Promoting Surface Reconstruction with a Tip-Enhanced Local Field and Electronic Interaction for Efficient Oxygen Evolution Reaction

The rational regulation of the surface reconstruction in transition-metal-based electrocatalysts to optimize the catalytic performance for the oxygen evolution reaction (OER) is increasingly important yet remains challenging. Herein, we develop a strategy of the electronic interaction and tip-enhanced local field to synergistically tune the surface reconstruction. As a demonstration, a heterostructure catalyst comprising an FeCo 2 S 4 hollow nanoneedle decorated with MoO 3 nanoparticles (MoO 3 @FeCo 2 S 4 ) at the tip is constructed.
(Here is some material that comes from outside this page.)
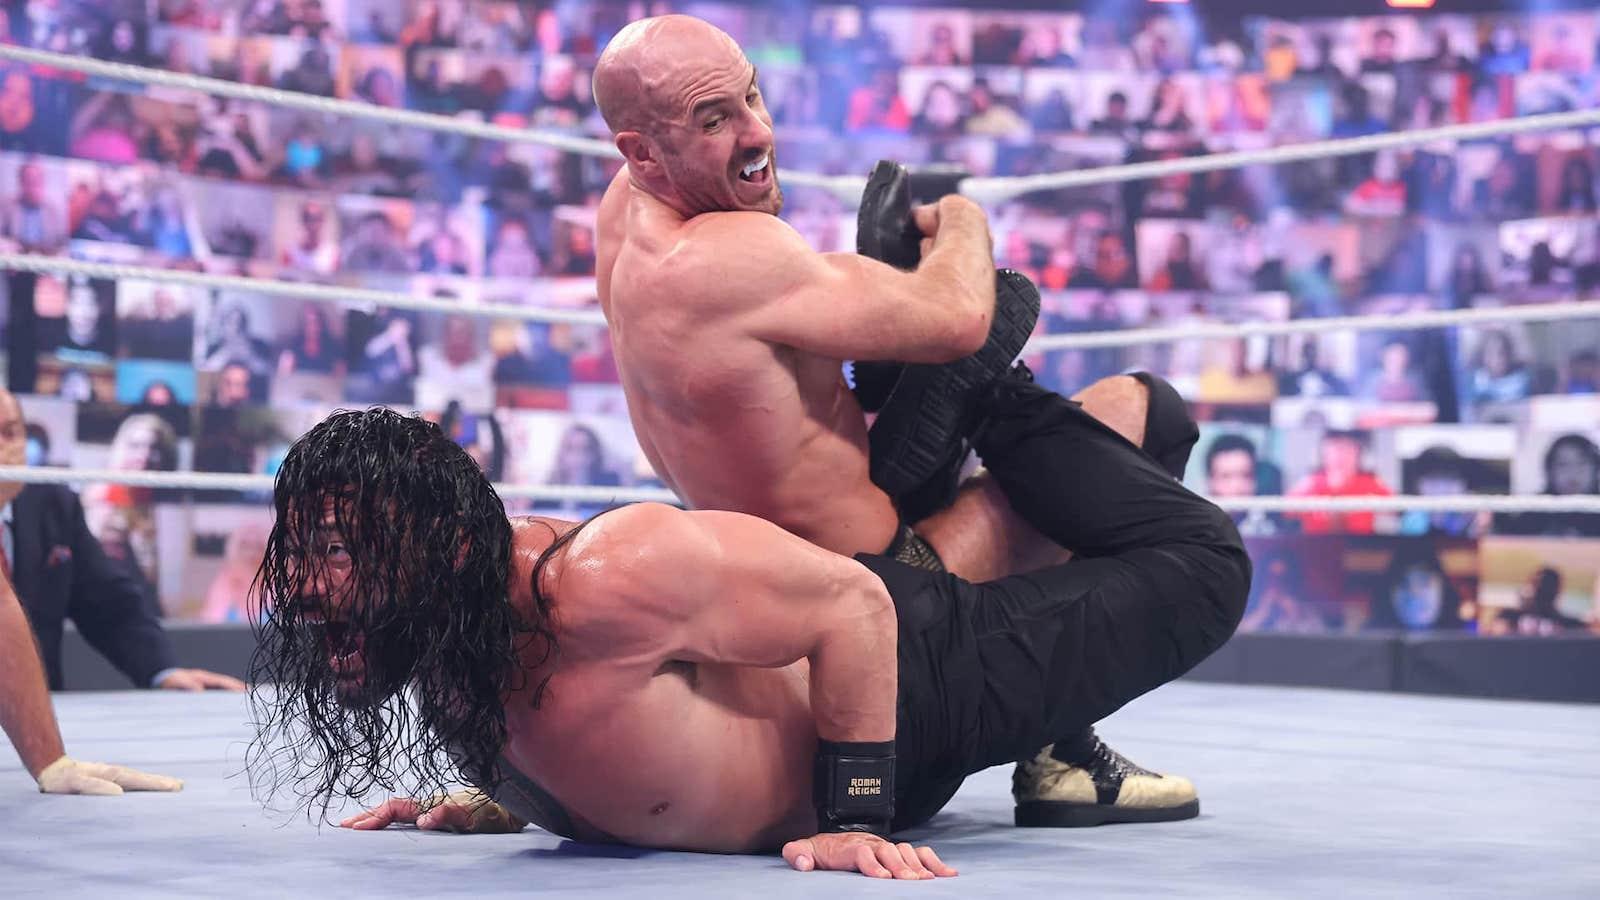 resultats wwe wrestlemania backlash

The combined theoretical and in situ X-ray absorption investigations indicate that the abundant Co–O–Mo motifs at the interface improve the electron transfer, facilitating the surface reconstruction into Co(Fe)OOH-MoO 3 . Meanwhile, the sharp tip of the hollow nanoneedles enhances the local electric field and increases the pH near the tip to promote the formation of active CoOOH. Accordingly, the as-constructed MoO 3 @FeCo 2 S 4 shows a low overpotential of 277 mV at a current density of 100 mA cm –2 during the alkaline OER and maintains stable operation at 200 mA cm –2 for 100 h. This work not only provides insights for the rational regulation of surface reconstruction but also highlights the important integration of the electronic interaction with a local environment to design advanced transition-metal-based catalysts.